Over at Penny Arcade Report, Ben Kuchera talked to analyst Geoffrey Zatkin about the market conditions for video games that have only female protagonists, as opposed to male protagonists, or the choice to play as a male or female main character. There are a lot of insights in there worth considering, but this one stood out to me:

We know from our previous article that marketing spend is one of the few, if not the only, things that can overcome negative reviews. Television commercials, ads in magazines, and even shelf space in stores are all for sale, and the more you have to spend the better your game will sell.

Games with only female heroes are given half the marketing budget as games with male heroes.
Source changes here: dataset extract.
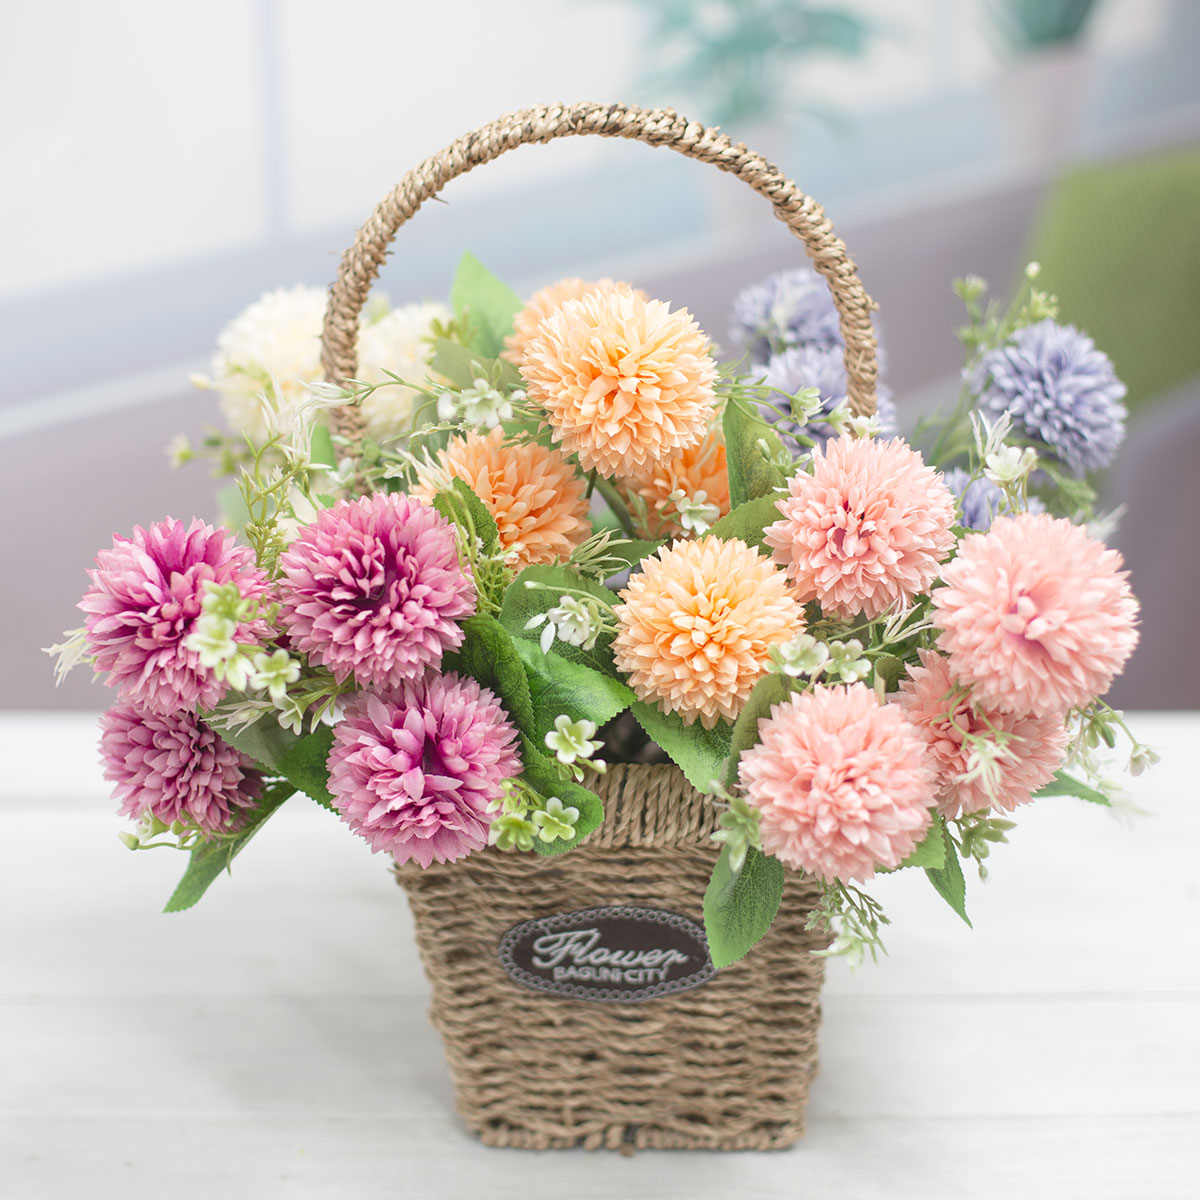 실크플라워 폼폼 소국 꽃 다섯송이 부쉬 바구니에 색상별 하나씩 담은 사진

That’s an enormous handicap that cripples their ability to sell well. “Games with a female only protagonist, got half the spending of female optional, and only 40 percent of the marketing budget of male-led games. Less than that, actually,” Zatkin said.

So is this a self-fulfilling prophecy? Do publishers send female-lead games out to die without proper support? “I think it might be, and I think in some cases, though this is a guess, that these games may be considered more niche, and you advertise niche games less,” Zatkin said.
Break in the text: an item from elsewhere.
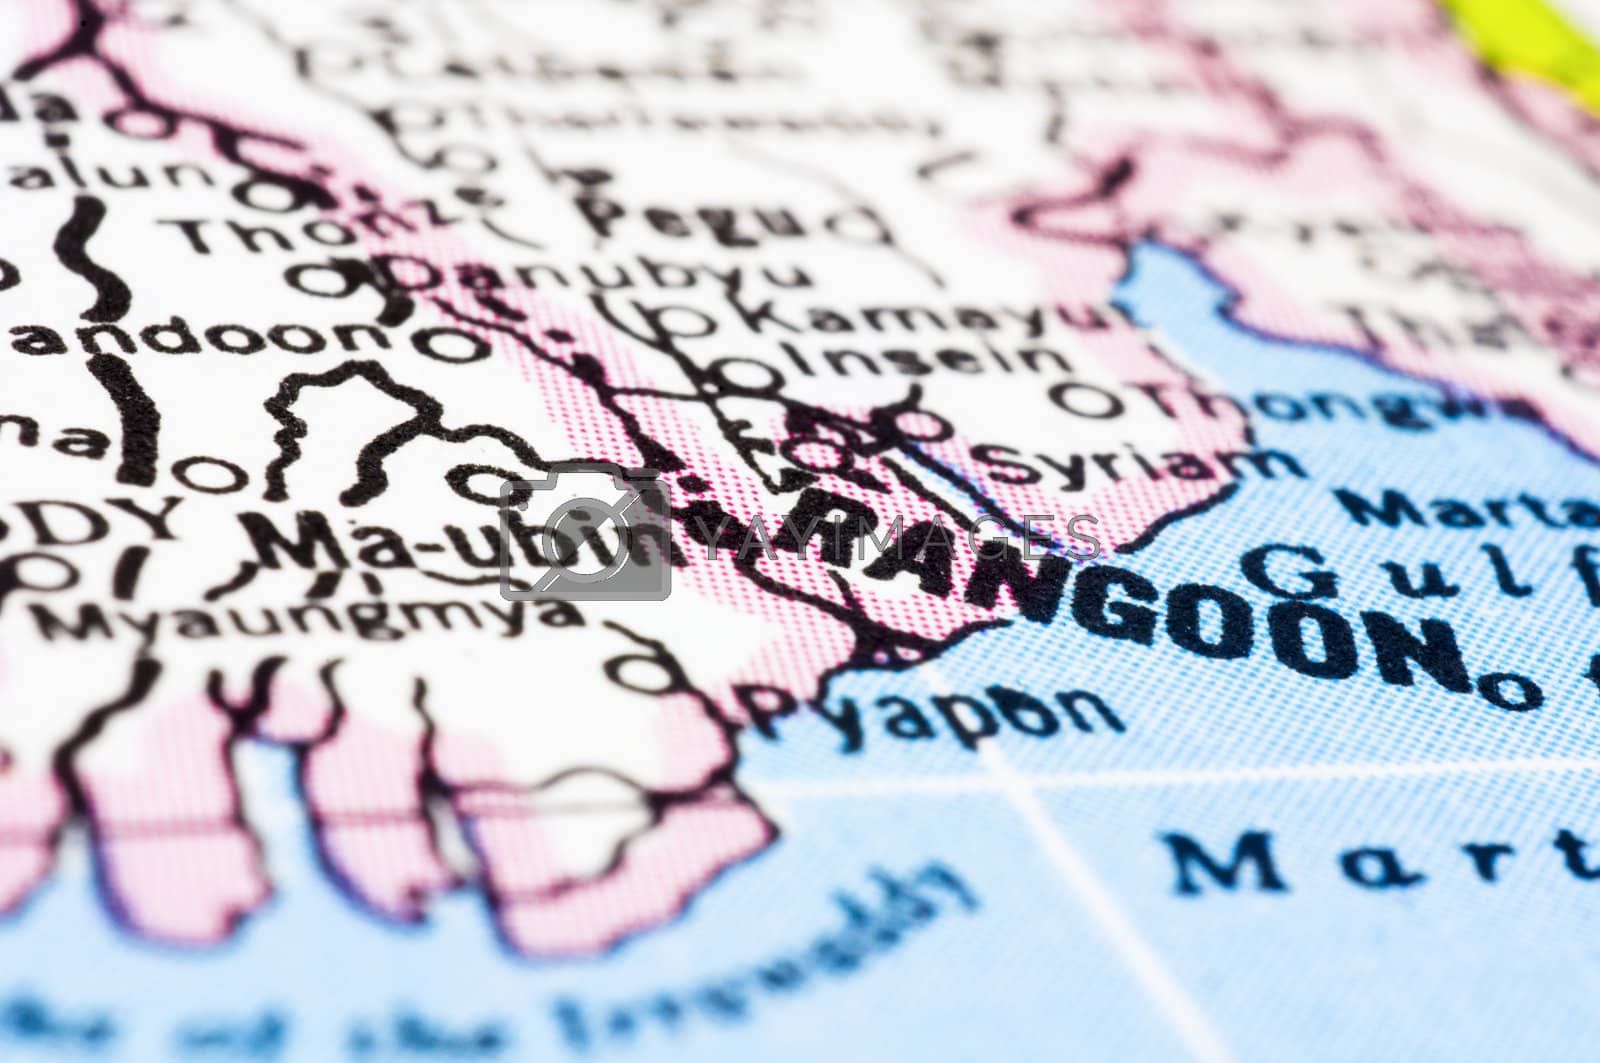 Royalty free image of close up of Rangoon or Yangon on map, Myanmar by mtkang

It’s also hard to draw many broad conclusions from this data. There are so few games with exclusively female heroes, and those few games are given such a small marketing budget, do we even know how well a large-budget, marketed game with a female hero would perform?

And this is exactly a point. I don’t want to hear that video games starring women don’t sell as those starring men unless you can show me a persistent failure of video games starring women that have received the same quality and investment in their advertising campaigns and rollouts. Don’t tell me that African-American actors can’t conquer international box office until you make the same efforts to build more Will Smiths as you do to build Taylor Kitsches and Daniel Craigs. Our assumptions about what works and what doesn’t, what will sell, and what won’t, are not natural laws. They’re decisions we’ve made.